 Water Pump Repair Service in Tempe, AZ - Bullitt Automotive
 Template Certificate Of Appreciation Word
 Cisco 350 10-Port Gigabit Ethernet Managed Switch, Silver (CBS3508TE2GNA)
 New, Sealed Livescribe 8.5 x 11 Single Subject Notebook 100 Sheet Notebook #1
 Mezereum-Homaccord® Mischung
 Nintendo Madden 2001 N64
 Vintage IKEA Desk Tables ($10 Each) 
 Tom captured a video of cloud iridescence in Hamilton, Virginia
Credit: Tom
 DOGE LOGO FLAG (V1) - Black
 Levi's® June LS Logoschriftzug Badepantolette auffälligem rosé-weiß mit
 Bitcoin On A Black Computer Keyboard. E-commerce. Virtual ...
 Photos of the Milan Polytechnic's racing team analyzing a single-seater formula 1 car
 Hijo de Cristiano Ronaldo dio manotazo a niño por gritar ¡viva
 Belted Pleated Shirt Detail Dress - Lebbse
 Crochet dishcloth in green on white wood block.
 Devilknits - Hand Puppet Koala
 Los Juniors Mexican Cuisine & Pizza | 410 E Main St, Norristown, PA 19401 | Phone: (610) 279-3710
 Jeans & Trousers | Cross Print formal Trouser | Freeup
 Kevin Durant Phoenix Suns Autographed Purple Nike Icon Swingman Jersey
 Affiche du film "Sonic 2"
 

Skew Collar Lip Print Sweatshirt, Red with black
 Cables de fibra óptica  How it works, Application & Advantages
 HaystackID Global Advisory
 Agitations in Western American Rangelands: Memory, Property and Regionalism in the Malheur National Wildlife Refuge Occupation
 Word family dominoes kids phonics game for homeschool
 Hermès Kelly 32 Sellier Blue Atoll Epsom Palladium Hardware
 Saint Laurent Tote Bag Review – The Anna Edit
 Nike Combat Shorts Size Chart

Your task ▸
Print the lines from the one containing "Nintendo Madden 2001 N64" through the end of the material, word for word, and nothing else.

Answer section ▸
 Nintendo Madden 2001 N64
 Vintage IKEA Desk Tables ($10 Each) 
 Tom captured a video of cloud iridescence in Hamilton, Virginia
Credit: Tom
 DOGE LOGO FLAG (V1) - Black
 Levi's® June LS Logoschriftzug Badepantolette auffälligem rosé-weiß mit
 Bitcoin On A Black Computer Keyboard. E-commerce. Virtual ...
 Photos of the Milan Polytechnic's racing team analyzing a single-seater formula 1 car
 Hijo de Cristiano Ronaldo dio manotazo a niño por gritar ¡viva
 Belted Pleated Shirt Detail Dress - Lebbse
 Crochet dishcloth in green on white wood block.
 Devilknits - Hand Puppet Koala
 Los Juniors Mexican Cuisine & Pizza | 410 E Main St, Norristown, PA 19401 | Phone: (610) 279-3710
 Jeans & Trousers | Cross Print formal Trouser | Freeup
 Kevin Durant Phoenix Suns Autographed Purple Nike Icon Swingman Jersey
 Affiche du film "Sonic 2"
 

Skew Collar Lip Print Sweatshirt, Red with black
 Cables de fibra óptica  How it works, Application & Advantages
 HaystackID Global Advisory
 Agitations in Western American Rangelands: Memory, Property and Regionalism in the Malheur National Wildlife Refuge Occupation
 Word family dominoes kids phonics game for homeschool
 Hermès Kelly 32 Sellier Blue Atoll Epsom Palladium Hardware
 Saint Laurent Tote Bag Review – The Anna Edit
 Nike Combat Shorts Size Chart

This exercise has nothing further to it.